Cusparse problem with symmetric matrix

Hello, I have a problem in cusparseDcsrmv with symmetric matrix.

cusparseDcsrmv(handle, cusparseOperation.CUSPARSE_OPERATION_NON_TRANSPOSE, matrixSize, matrixSize, 1,
descra, d_csrValA, d_rowPtrA, d_colIndA, d_x, 0, d_y);
if I use cusparseSetMatType(descra, CUSPARSE_MATRIX_TYPE_GENERAL); it works in 10 times faster then I use cusparseSetMatType(descra, cusparseMatrixType.CUSPARSE_MATRIX_TYPE_SYMMETRIC);

Help me with this problem

The library team provided the following answer (I slightly edited the last paragraph). I hope this helps:

The algorithm used to perform sparse matrix-vector multiplication for symmetric and unsymmetric matrices is different. For symmetric matrices only the matrix upper or lower part is stored in memory, so we perform the multiplication with the stored part (in the same way as we do the regular sparse-matrix vector multiplication) and then we perform a multiplication with the transpose of the stored part (ignoring the diagonal). Here is a more precise example that assumes the lower part of the matrix is stored in memory.

Let A= L +D +U where D is diagonal, L is strictly lower and U is strictly upper triangular part of the matrix (notice that for symmetric matrices U=L^{T}). So we perform the regular multiplication with L+D and then we add the multiplication with U=L^{T} to the result: y = Ax = (L+D)x + (L^{T})x.

The multiplication with the transpose of the matrix involves the use of atomics, which makes the algorithm relatively slow (consequently the user experience is not surprising). To achieve the highest possible performance, it would probably be best to store the full matrix in memory (even though it is symmetric) and then call the regular sparse-matrix-vector multiplication on it.

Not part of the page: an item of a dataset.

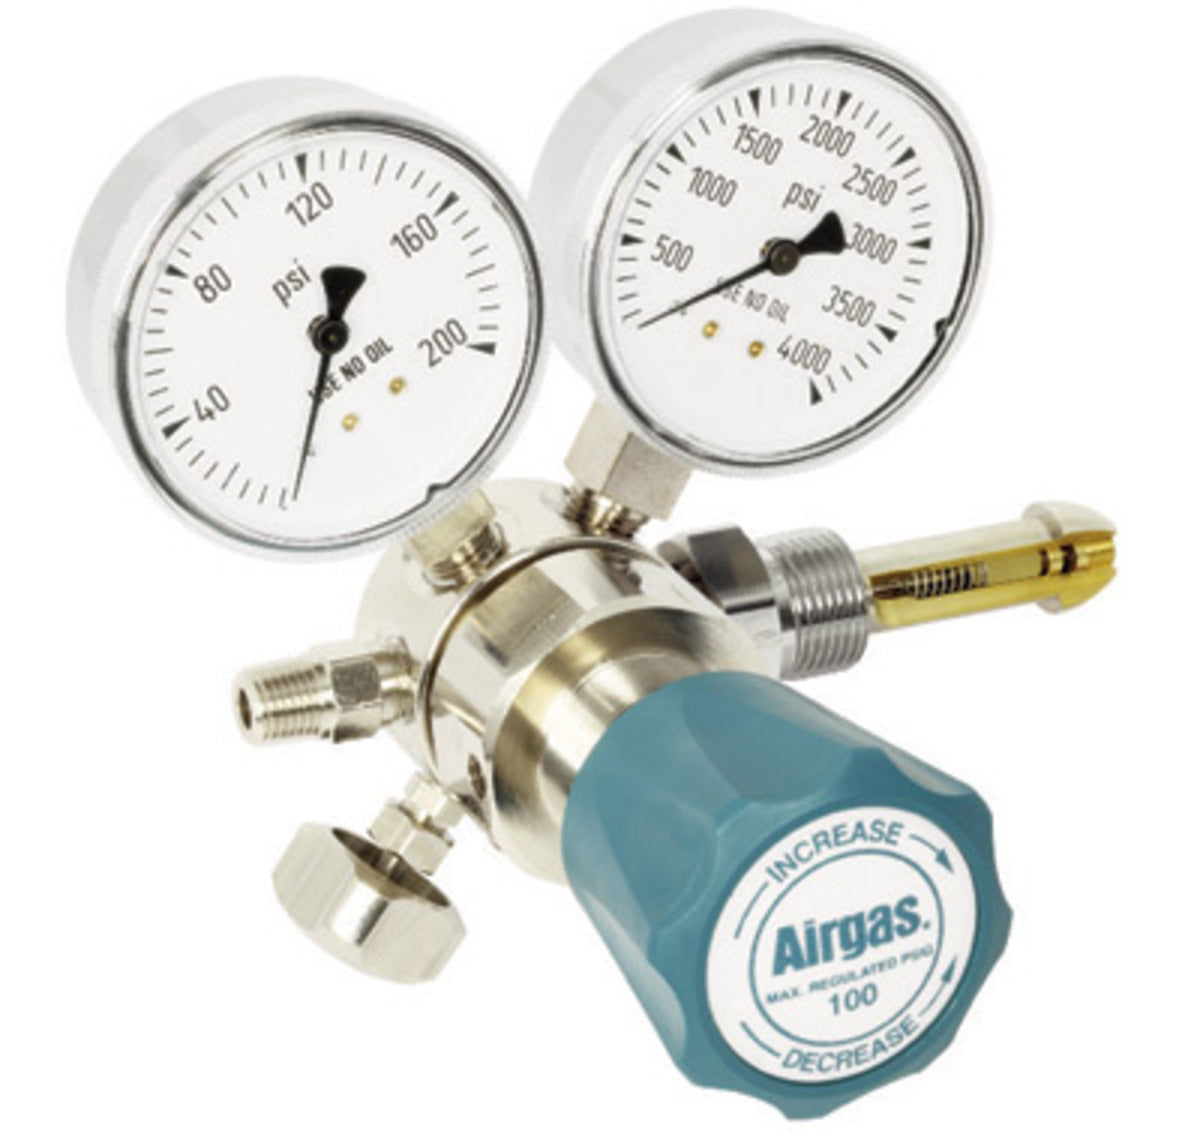 Airgas Two Stage Brass 0-250 psi General Purpose Cylinder Regulator CGA-350

I checked with the CUDA library team, and they supplied the following explanation:

1. For the nonsymmetric sparse matrix-vector multiplication the operation y = A*x is performed (A is stored explicitly).

2. For the symmetric matrix only its lower (or upper) triangular part of the matrix A is stored. We can write y = A*x = (L+D)*x + L^{T}*x, where A = (L+D) + L^{T} with L being strictly lower triangular part of the matrix and D being the diagonal. Since only L+D is stored, we need to perform an operation with the matrix transpose (L^{T}) to compute the resulting vector y. This operation uses atomics because matrix rows need to be interpreted as columns, and as multiple threads are traversing them, different threads might add values to the same memory location in the resulting vector y. This is the reason why the matrix-vector multiplication with the matrix transpose and symmetric matrix is slower than with the nonsymmetric matrix.

The best way to speed up the computation (unless you are limited by memory) would be to transform the symmetric into the nonsymmetric matrix and call the appropriate CUSPARSE routine on it.

Hey, has anything changed regarding the matter in the last years?